──────── Given information
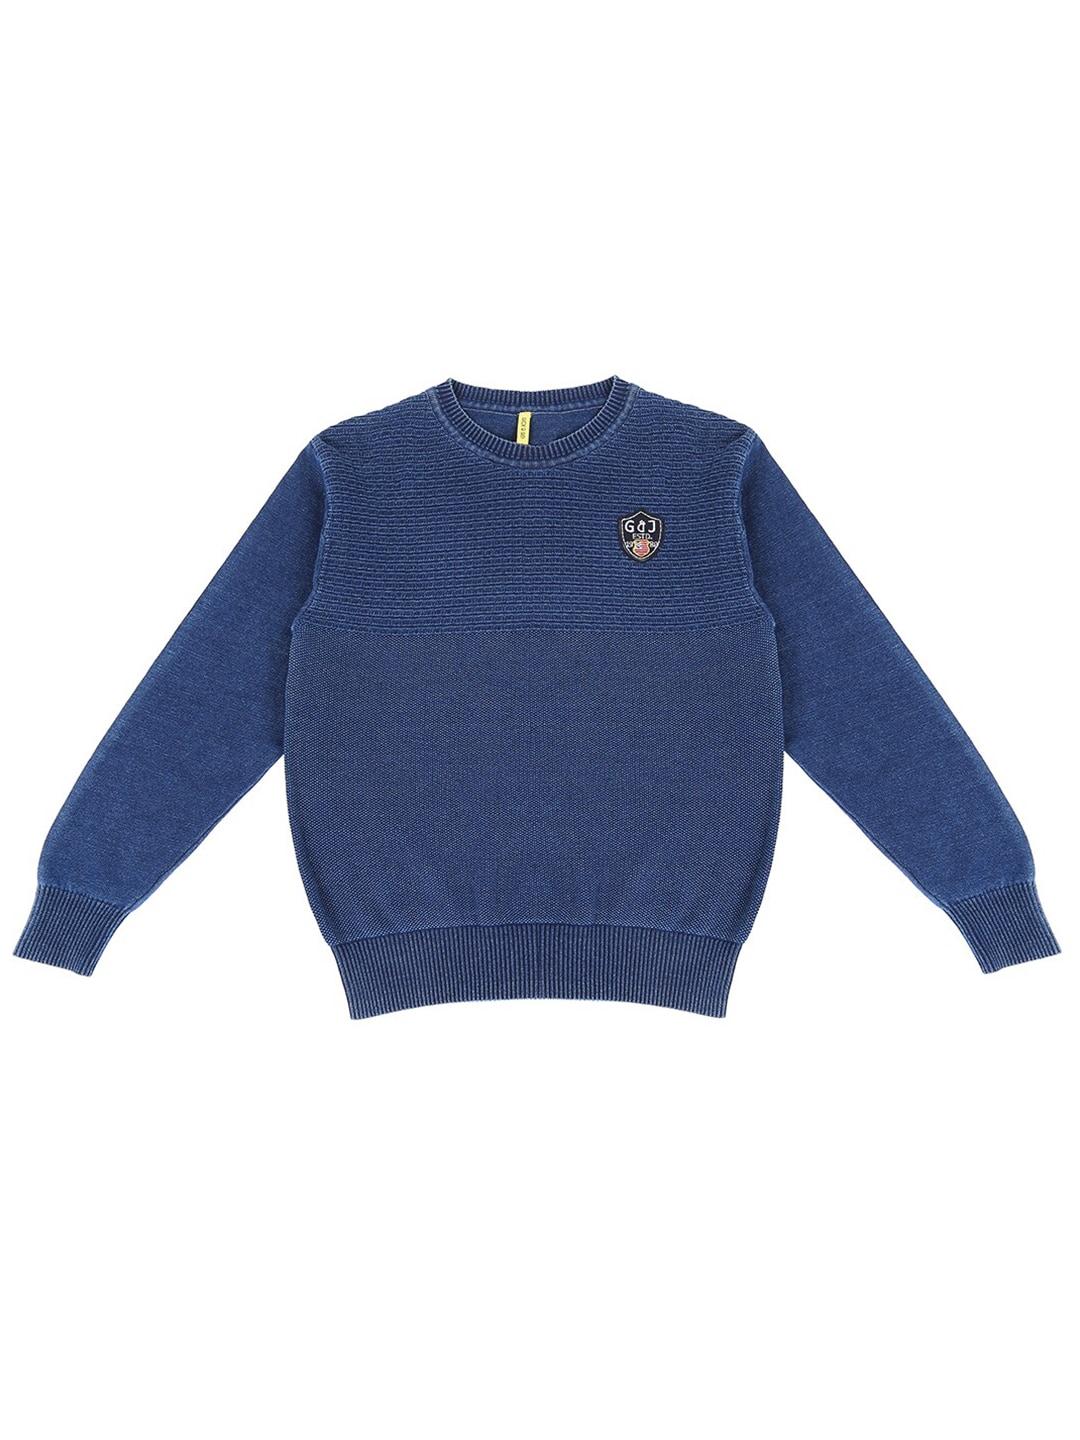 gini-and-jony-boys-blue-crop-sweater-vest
────────────────
──────── Given information
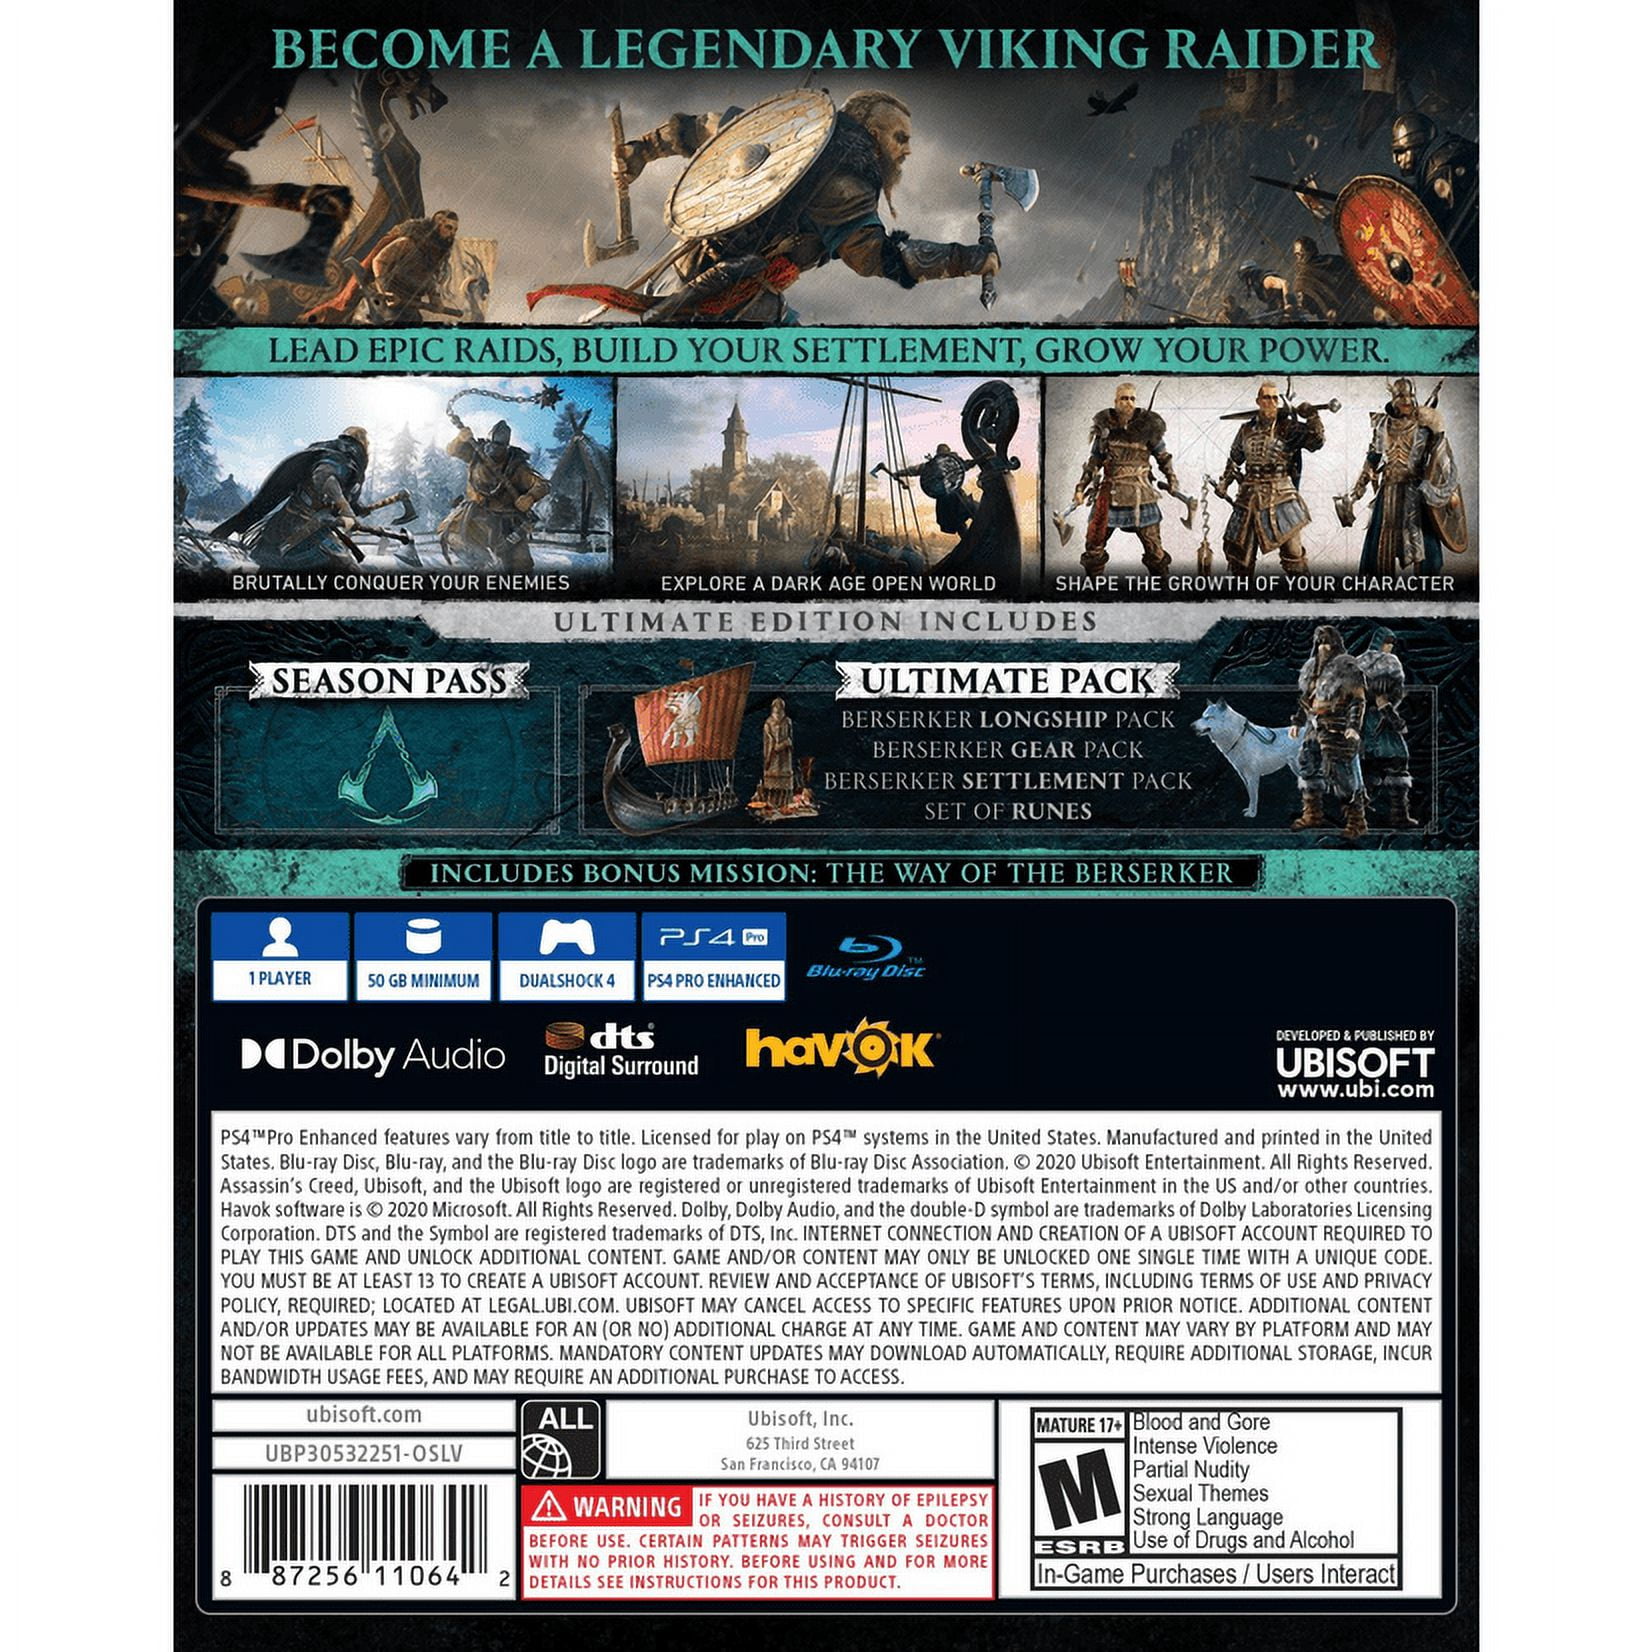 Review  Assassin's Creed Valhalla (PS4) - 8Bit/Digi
────────────────
──────── Given information
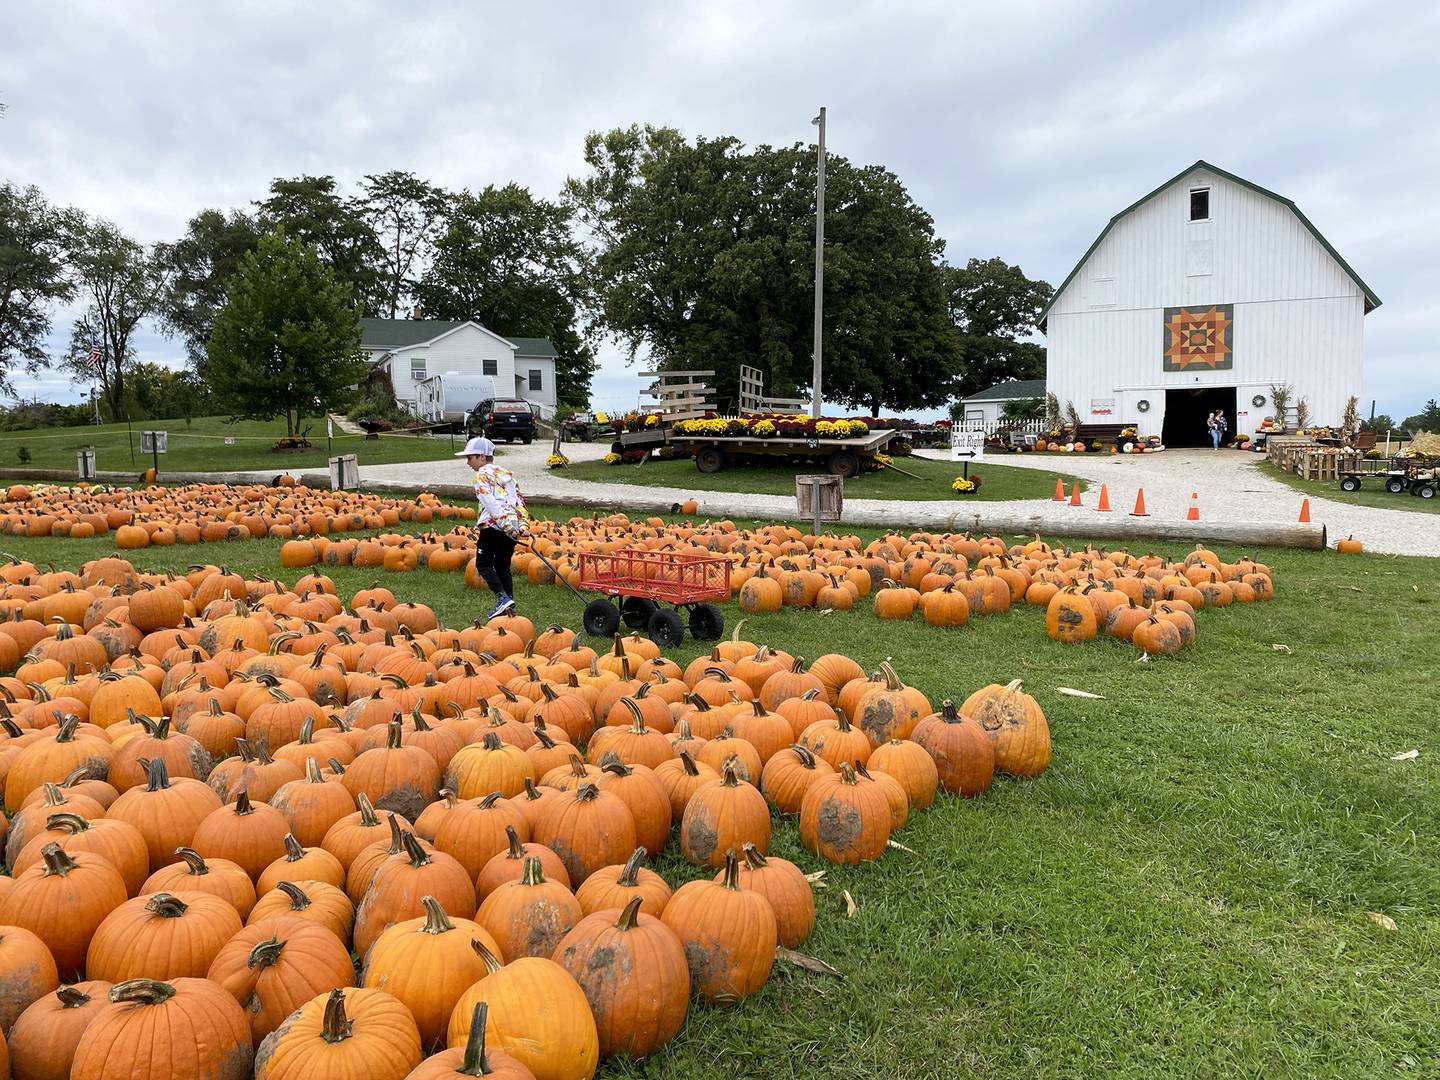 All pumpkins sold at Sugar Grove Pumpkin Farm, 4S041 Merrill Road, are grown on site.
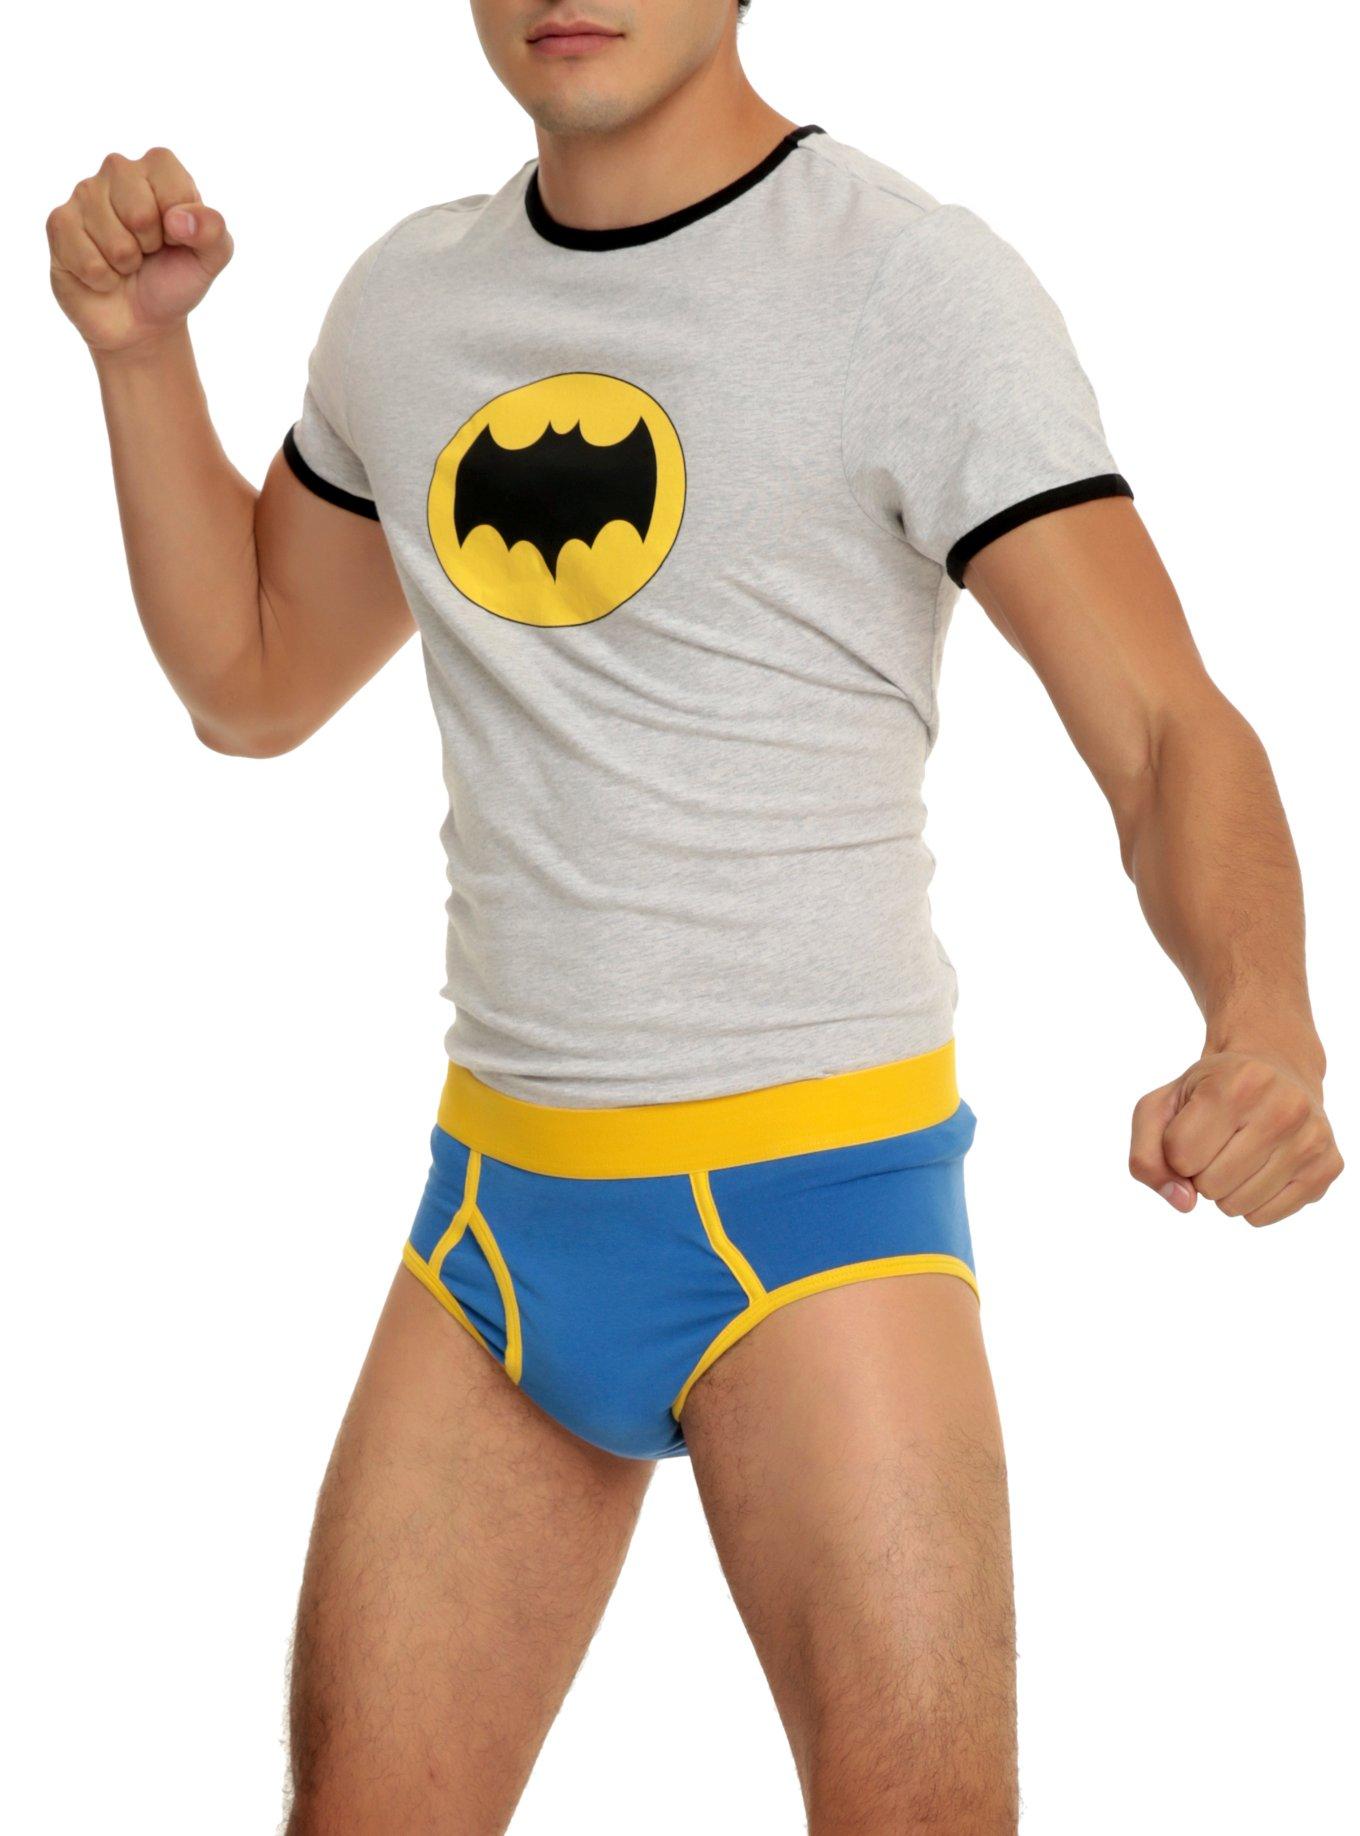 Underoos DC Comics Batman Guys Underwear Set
────────────────
Would you restate, exactly and with no pictures, the lines of the entries above from the one containing "All pumpkins sold" through the one containing "Underoos DC Comics Batman Guys Underwear Set"?

 All pumpkins sold at Sugar Grove Pumpkin Farm, 4S041 Merrill Road, are grown on site.
 Underoos DC Comics Batman Guys Underwear Set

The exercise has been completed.